PROBLEM DESCRIPTION
Your job is to return the whole listing unchanged while skipping its images.

═════ INFORMATION SHOWN ═════

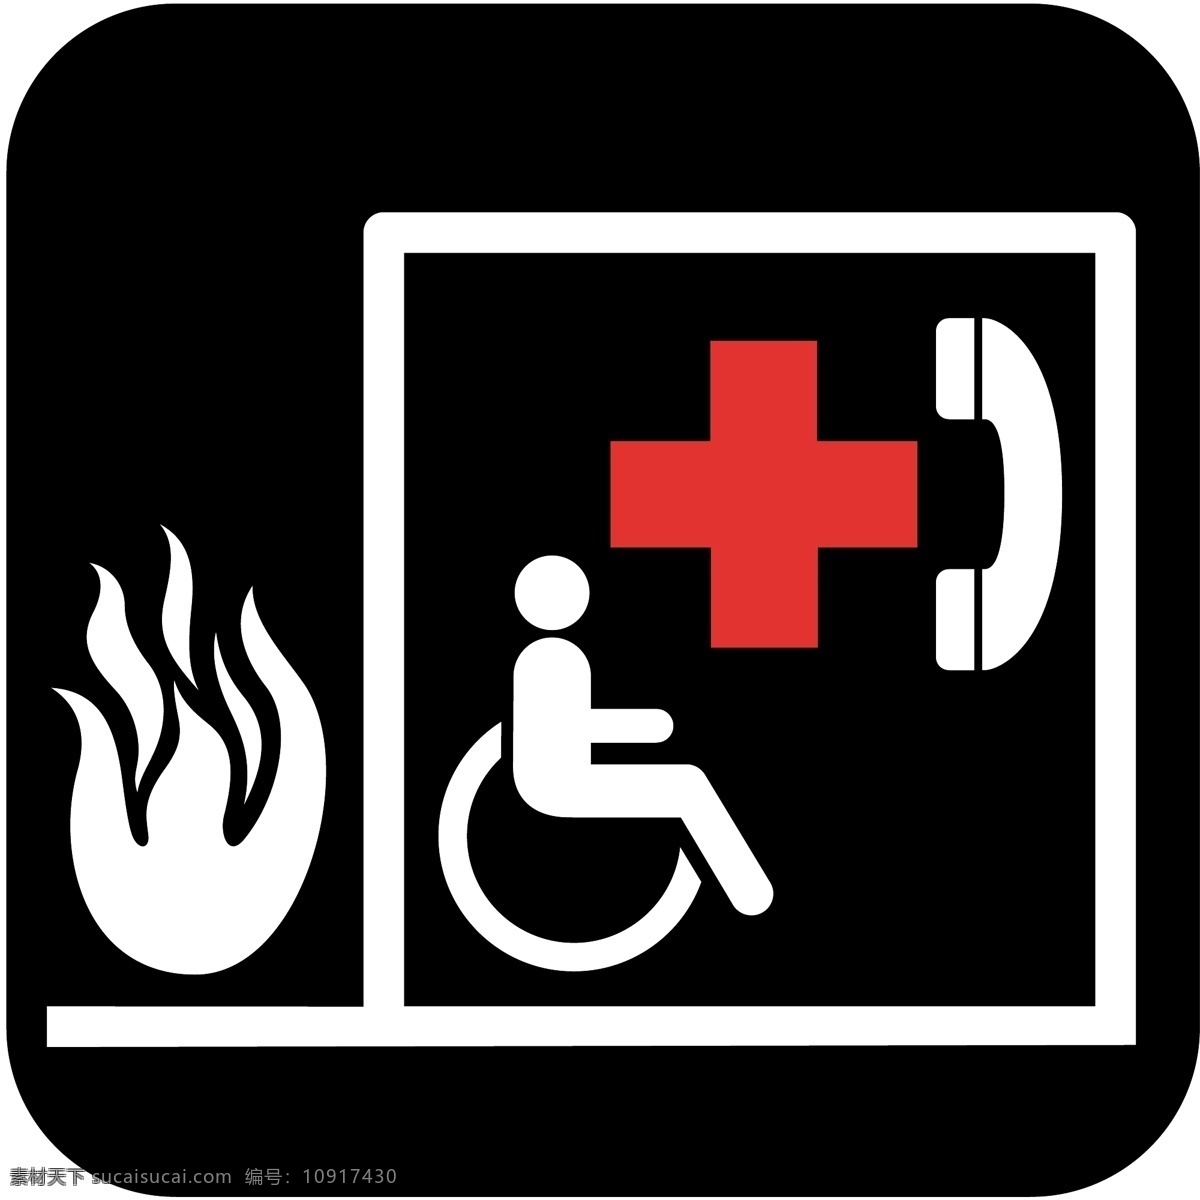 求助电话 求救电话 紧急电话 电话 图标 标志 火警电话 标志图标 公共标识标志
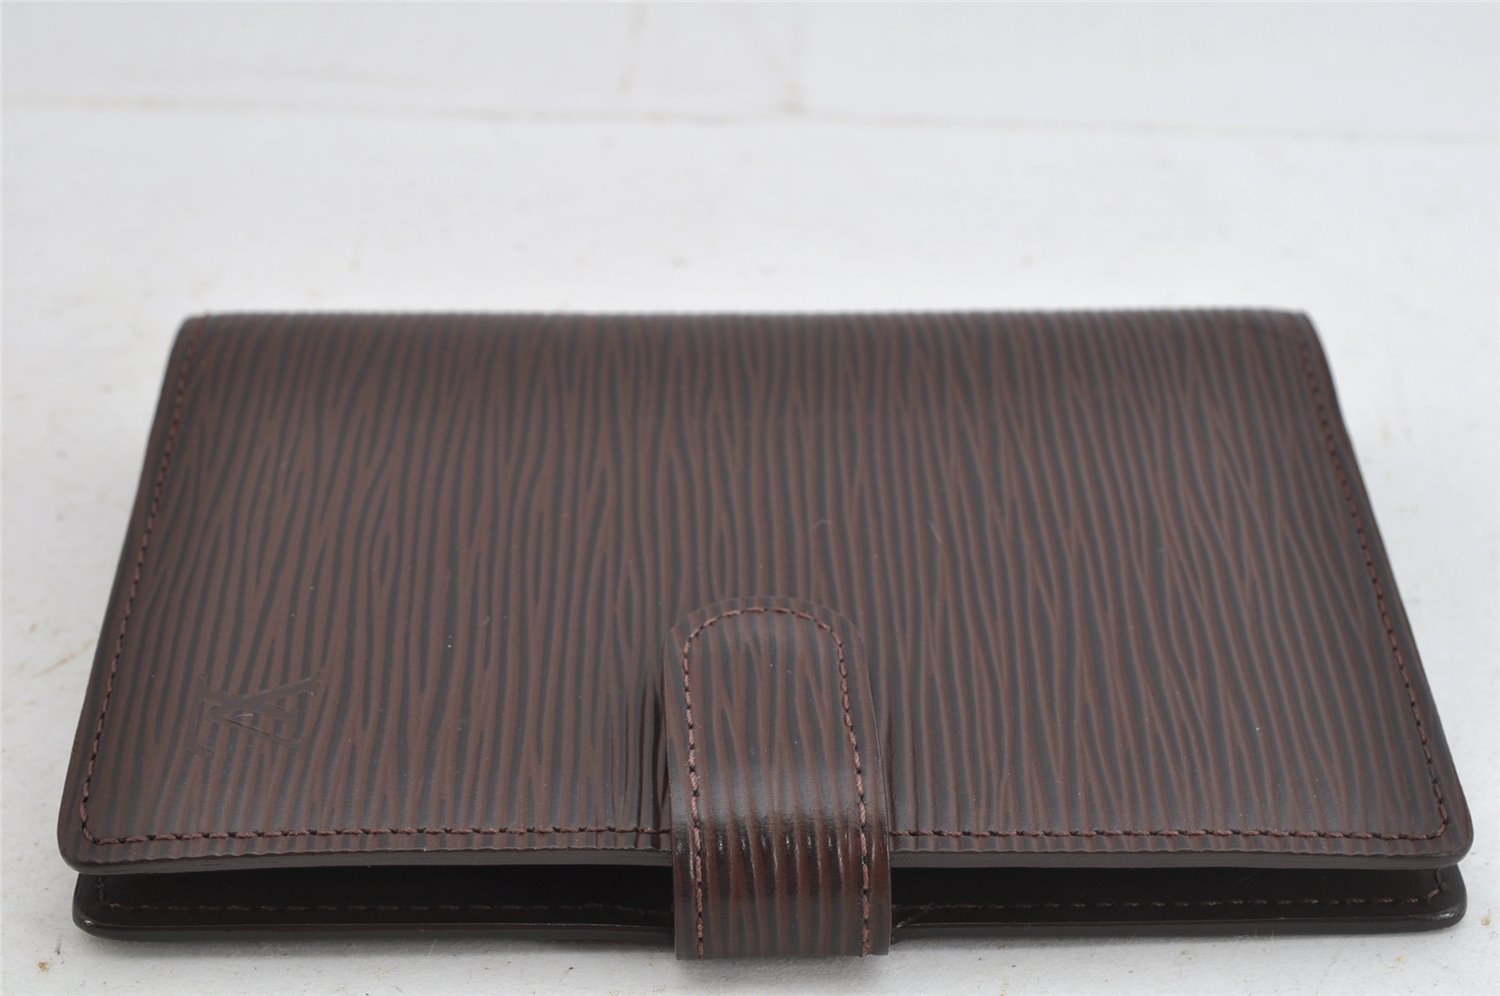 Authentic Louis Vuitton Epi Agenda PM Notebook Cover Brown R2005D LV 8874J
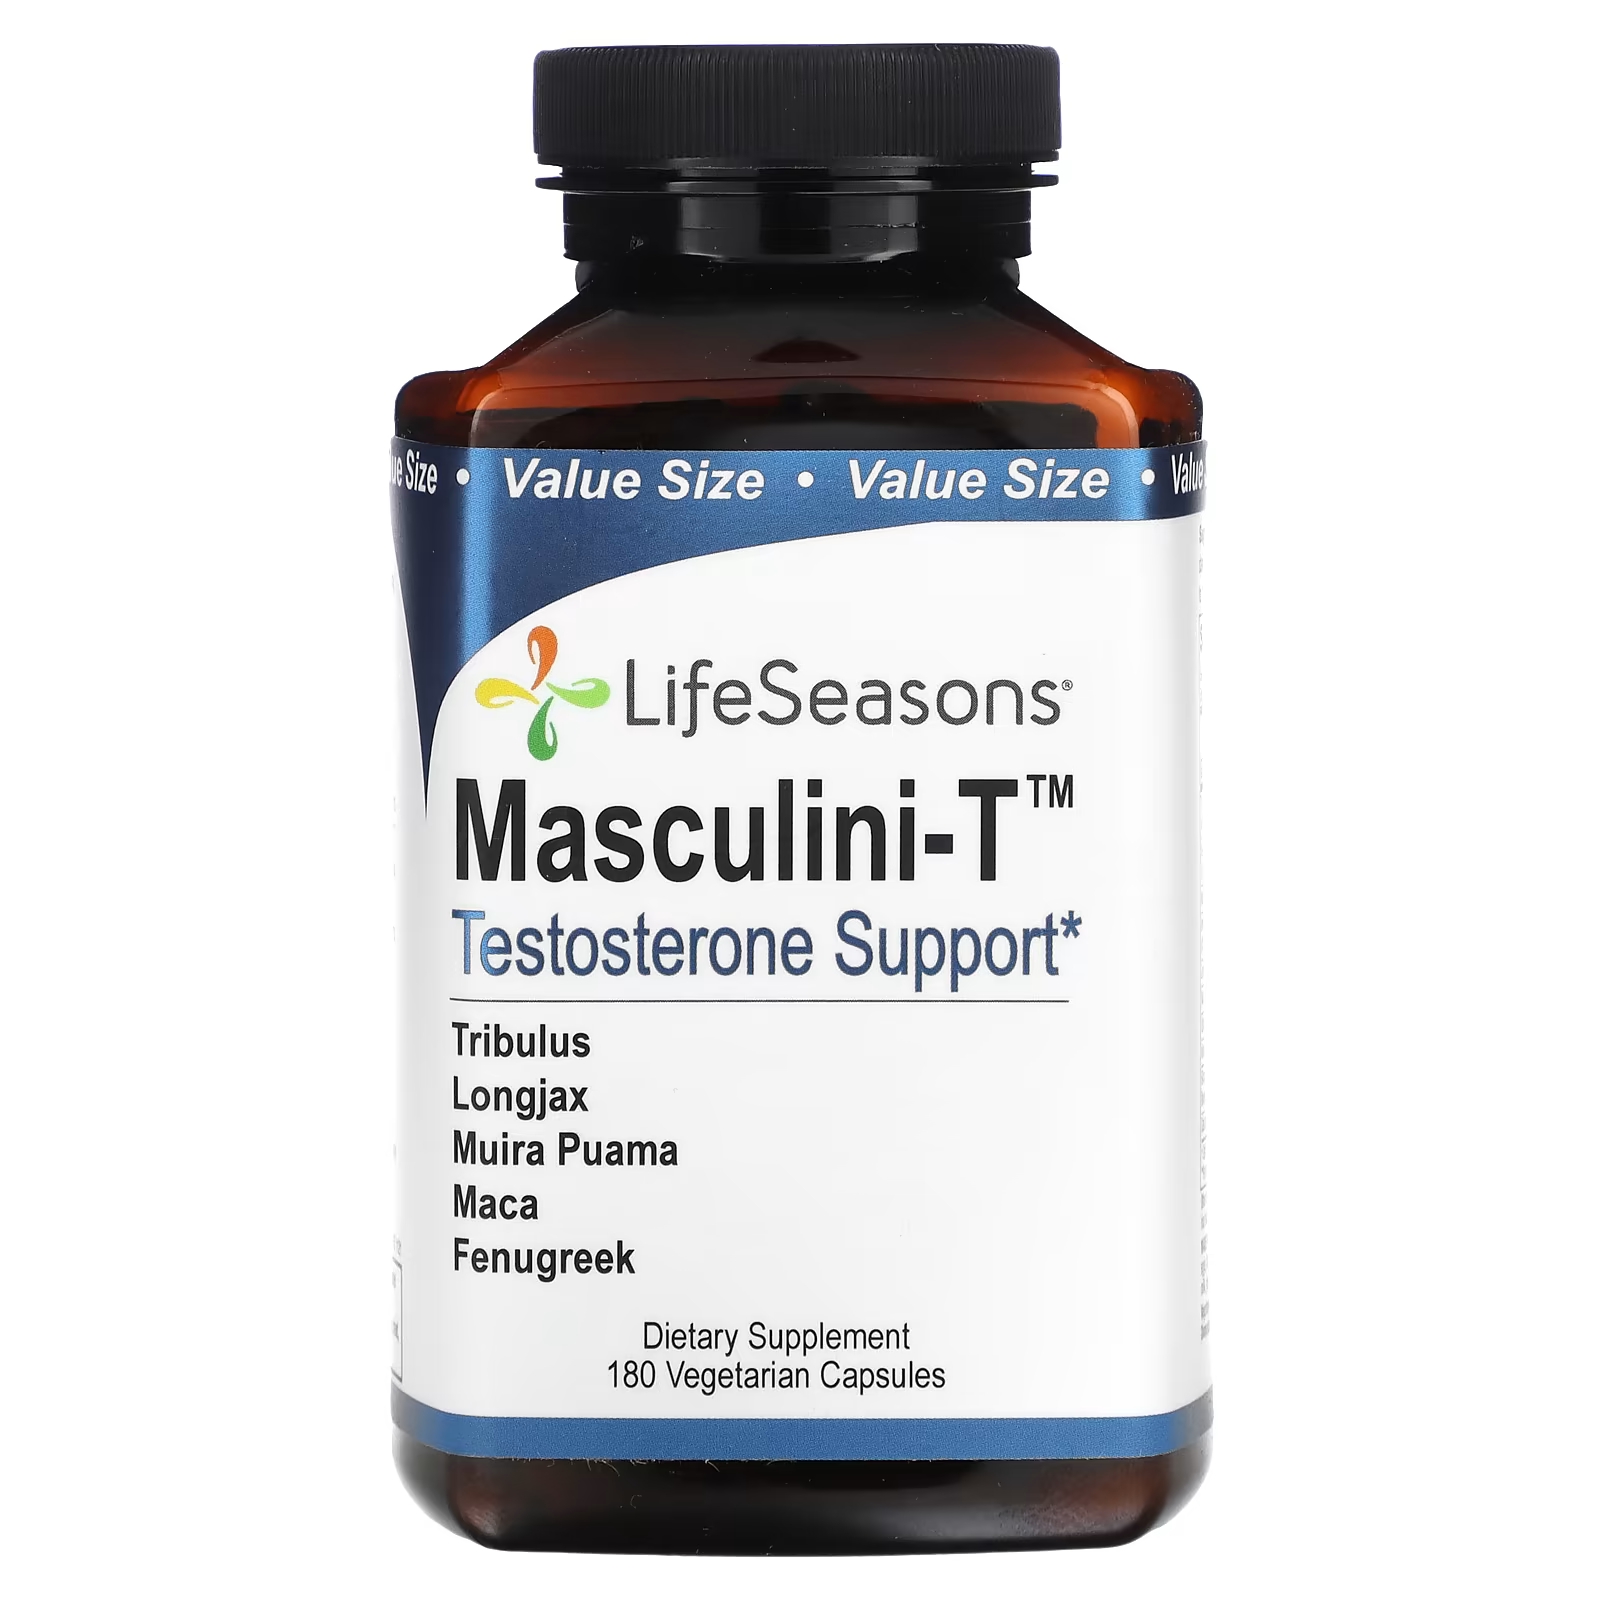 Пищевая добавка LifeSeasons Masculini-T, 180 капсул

═════

WRITTEN RESPONSE
 求助电话 求救电话 紧急电话 电话 图标 标志 火警电话 标志图标 公共标识标志
 Authentic Louis Vuitton Epi Agenda PM Notebook Cover Brown R2005D LV 8874J
 Пищевая добавка LifeSeasons Masculini-T, 180 капсул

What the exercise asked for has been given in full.